ABOUT THIS BOOKSince the appearance of her early-career bestseller Gender Trouble in 1990, American philosopher Judith Butler is one of the most influential (and at times controversial) thinkers in academia. Her work addresses numerous socially pertinent topics such as gender normativity, political speech, media representations of war, and the democratic power of assembling bodies. The volume Bodies That Still Matter: Resonances of the Work of Judith Butler brings together essays from scholars across academic disciplines who apply, reflect on, and further Butler's ideas to their own research. It includes a new essay by Butler herself, from which it takes its title. Organized around four key themes in Butler's scholarship - performativity, speech, precarity, and assembly - the volume offers an excellent introduction to the contemporary relevance of Butler's thinking, a multi-perspectival approach to key topics of contemporary critical theory, and a testimony to the vibrant interdisciplinary discourses characterizing much of today's humanities' research.
AUTHOR BIOGRAPHYAnnemie Halsema is associate professor of philosophy at Vrije Universiteit Amsterdam. Her research focuses on personal identity and embodiment in French phenomenology, hermeneutics and in feminist philosophy. She wrote two books on Luce Irigaray (in Dutch 1998, and Luce Irigaray and Horizontal Transcendence 2000), edited several volumes, among which a Dutch translation of Judith Butler's essays (Genderturbulentie, 2000) and Feminist Explorations of Paul Ricoeur's Philosophy (with Henriques, 2016).

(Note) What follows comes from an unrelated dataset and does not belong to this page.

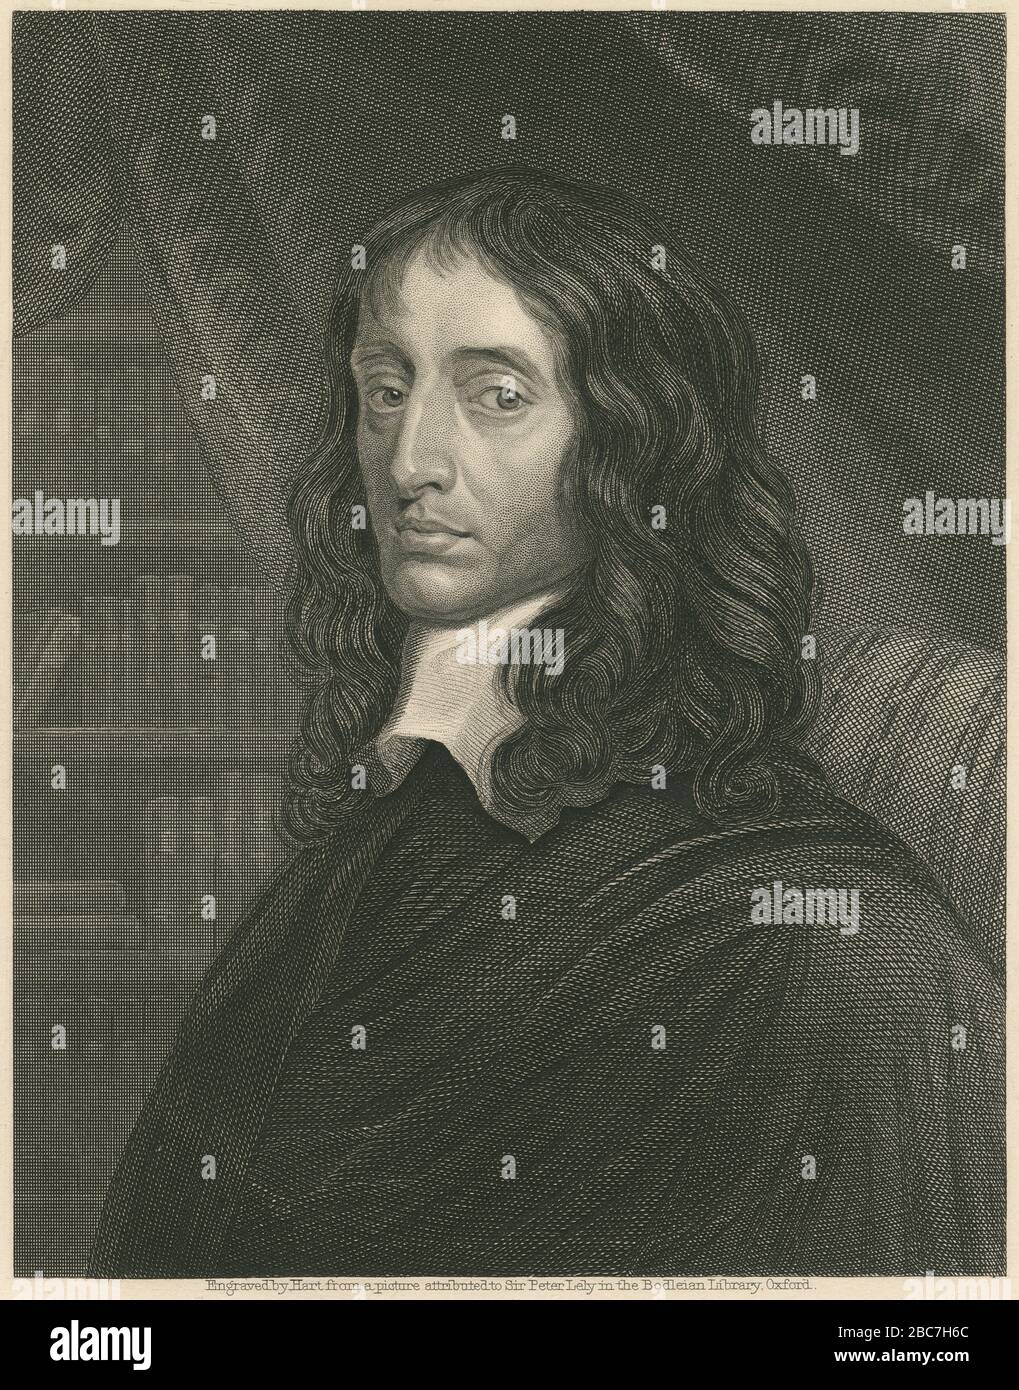 Antique engraving, John Selden. John Selden (1584-1654) was an English jurist, a scholar of England's ancient laws and constitution and scholar of Jewish law. SOURCE: ORIGINAL ENGRAVING Stock Photo

Katja Kwastek is professor of modern and contemporary art history at Vrije Universiteit Amsterdam. Her research focuses on processual, digital and post-digital art, in the broader contexts of art history, media aesthetics, and the environmental humanities. She has published and edited many books and essays, including Ohne Schnur. Art and Wireless Communication (Revolver, 2004), Aesthetics of Interaction in Digital Art (MIT Press, 2013), and a special issue of the Journal of the Association for the Study of the Arts of the Present on 'Slowness' (2019). She is one of the co-founders of the Environmental Humanities Center at Vrije Universiteit Amsterdam, and associate editor of the journal Environmental Humanities (Duke UP).
Roel van den Oever is assistant professor of English literature at Vrije Universiteit Amsterdam. He is the author of Mama's Boy: Momism and Homophobia in Postwar American Culture (Palgrave Macmillan 2012).